For the listing below, the answer is an exact retyping of the lines from the one with "Other Green hoodie XL - image 1" through the one with "Jacqueline Fernandez is", both included, without pictures.

**EXCERPTED RECORDS**:
_ _ _ _ _
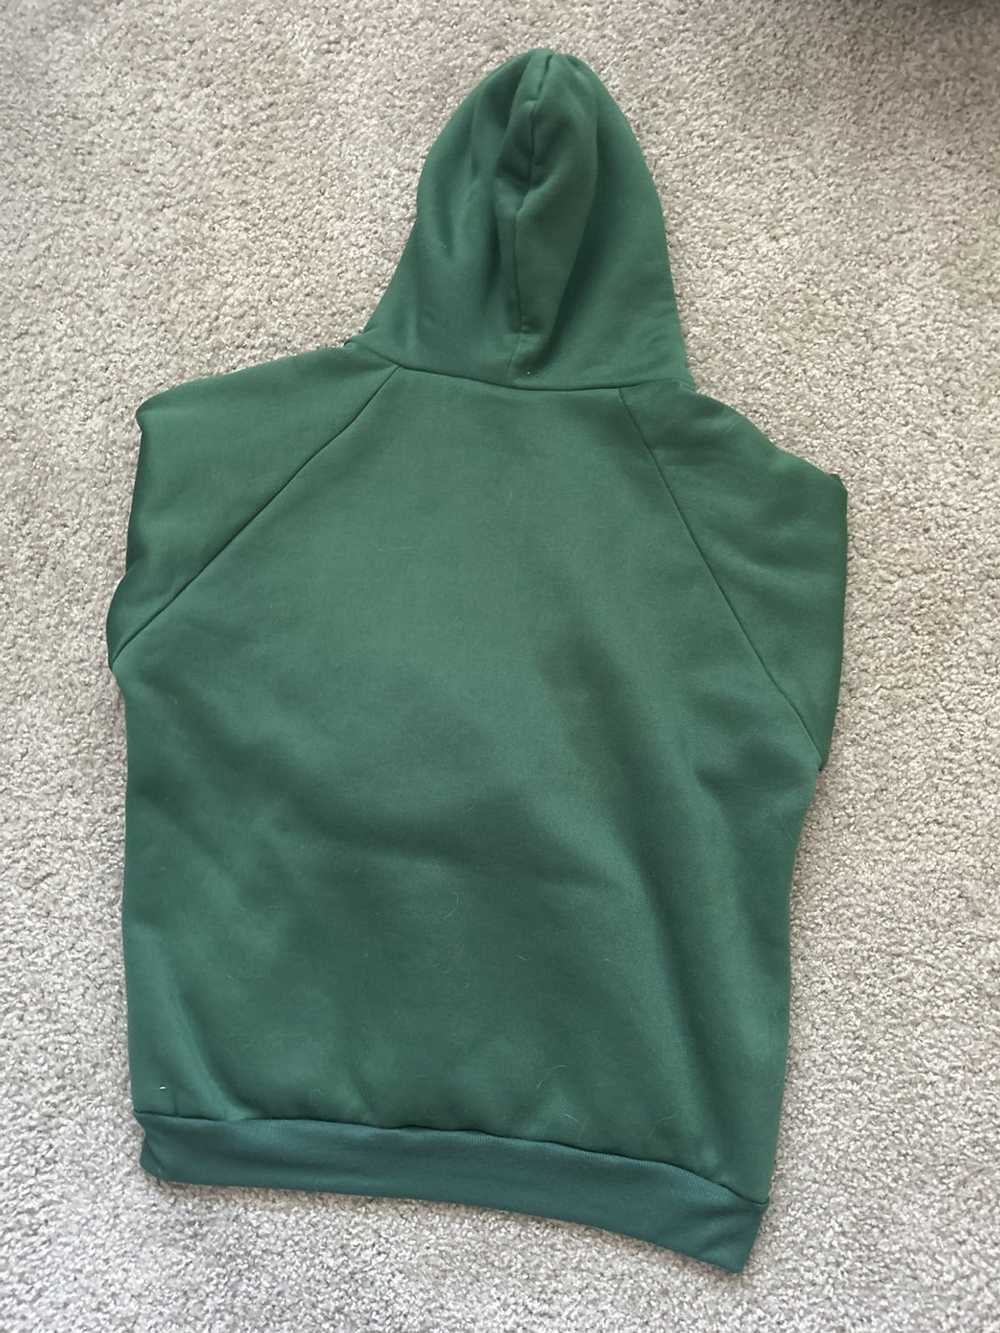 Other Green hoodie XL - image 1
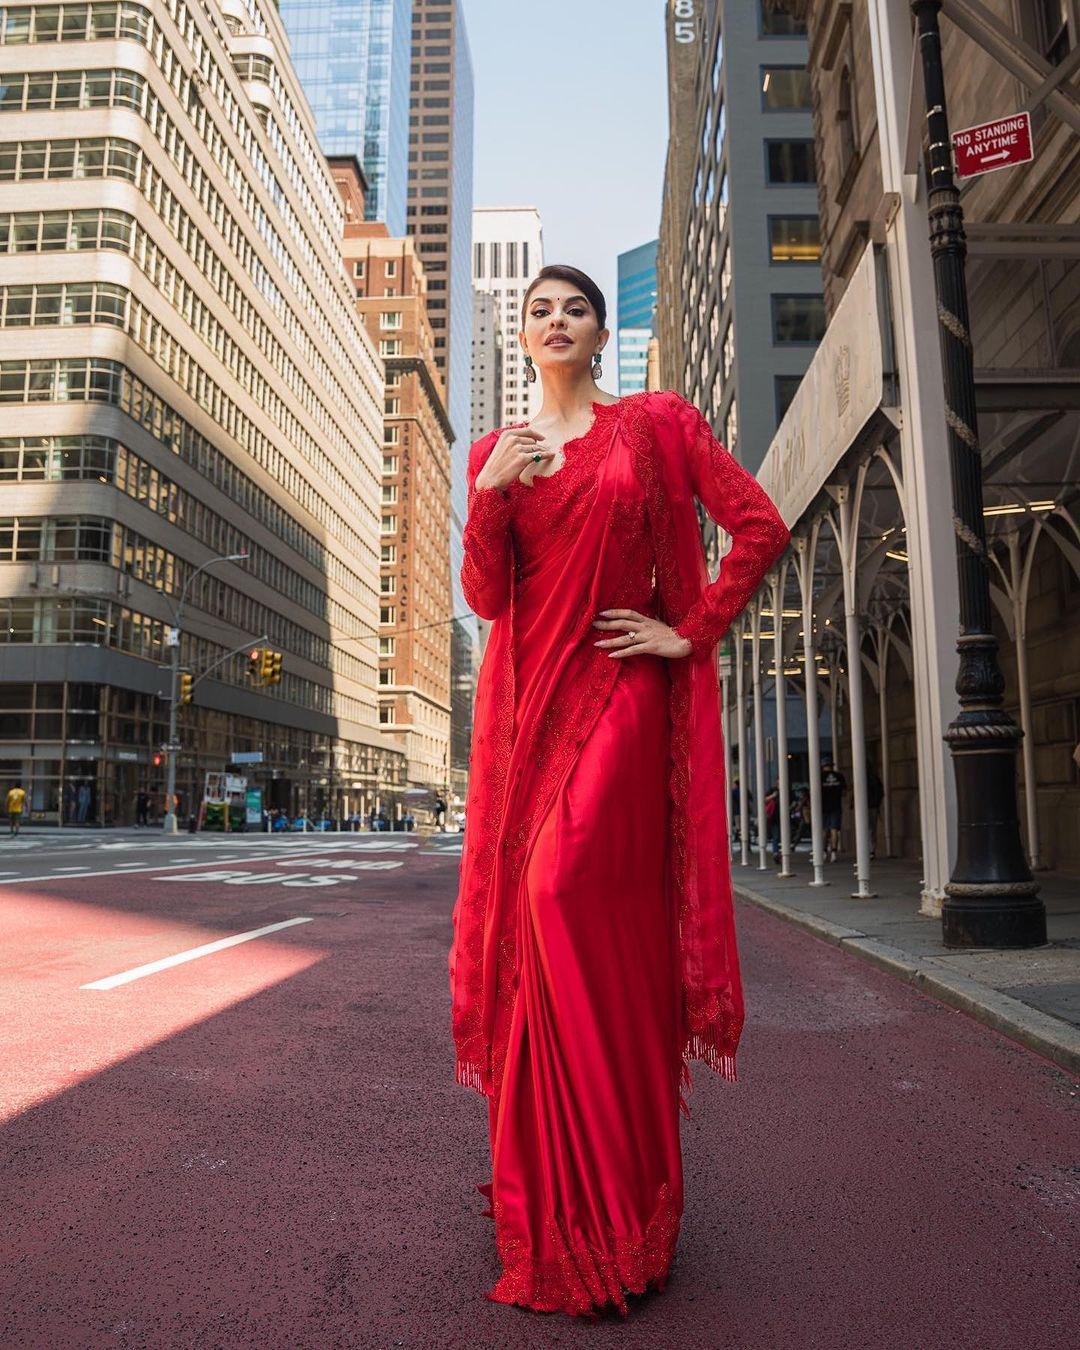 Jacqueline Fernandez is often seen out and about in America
_ _ _ _ _
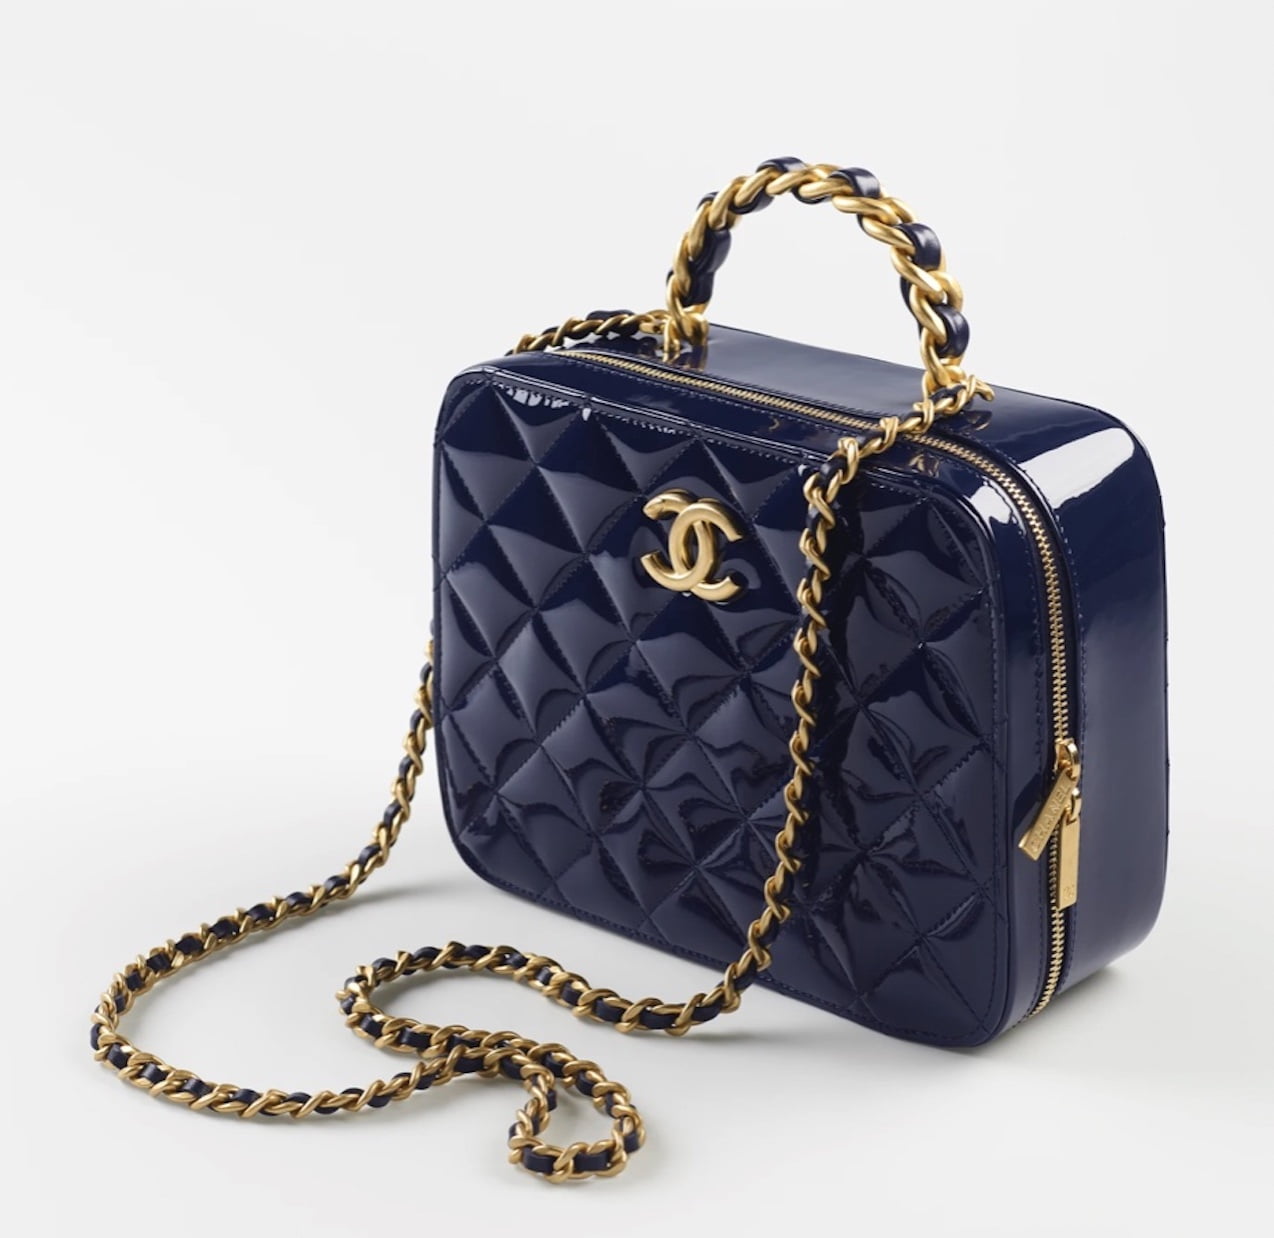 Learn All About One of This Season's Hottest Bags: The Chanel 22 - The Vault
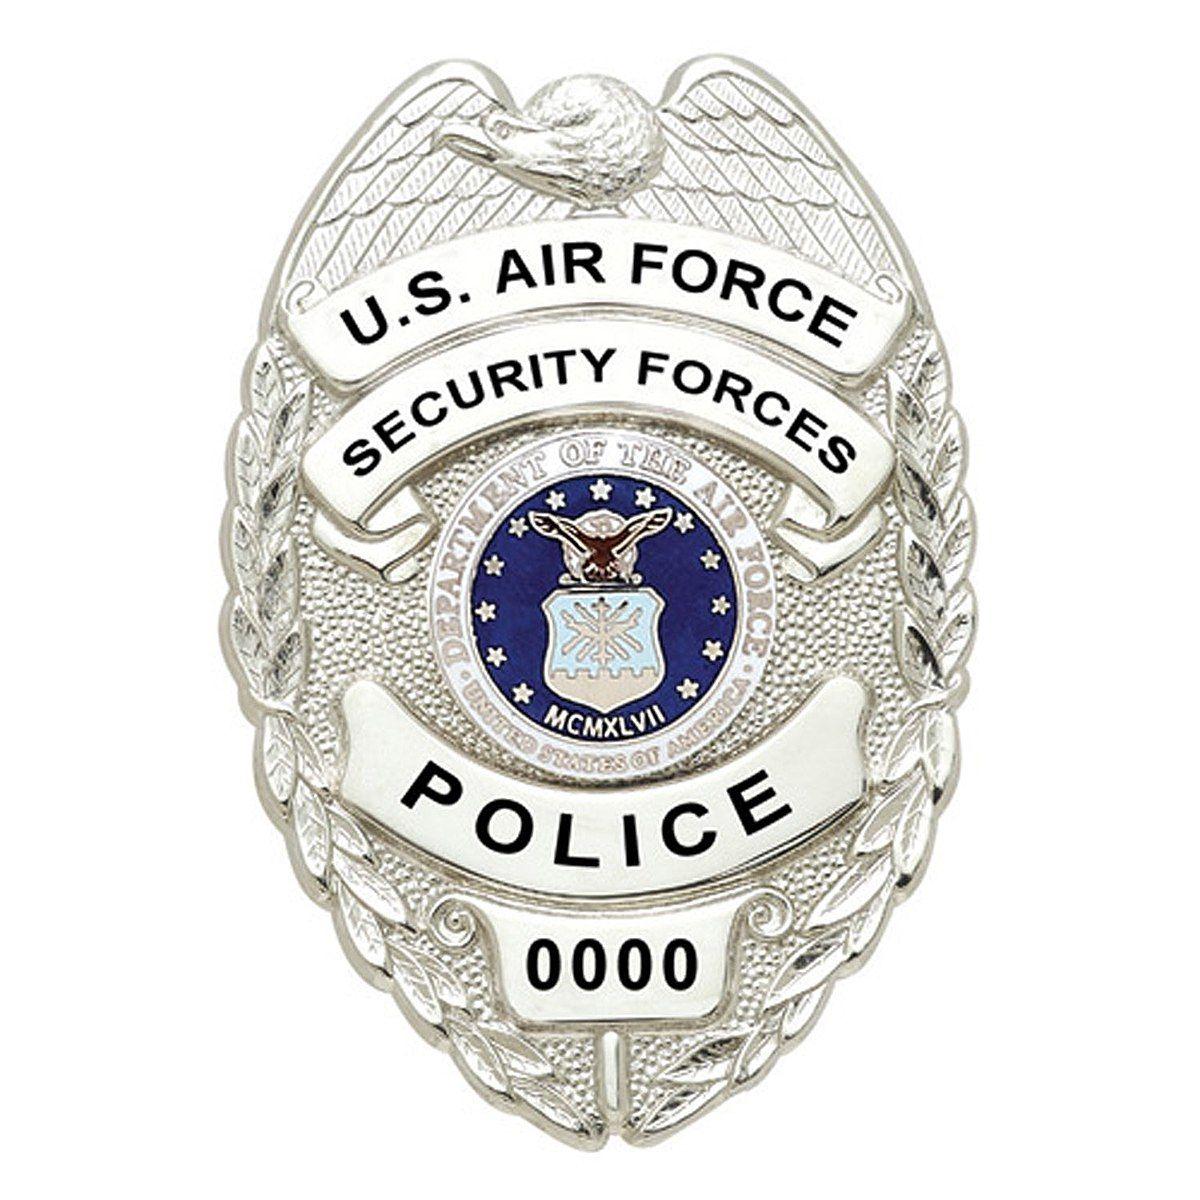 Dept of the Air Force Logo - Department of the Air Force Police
_ _ _ _ _
**PROBLEM SOLUTION**:
 Other Green hoodie XL - image 1
 Jacqueline Fernandez is often seen out and about in America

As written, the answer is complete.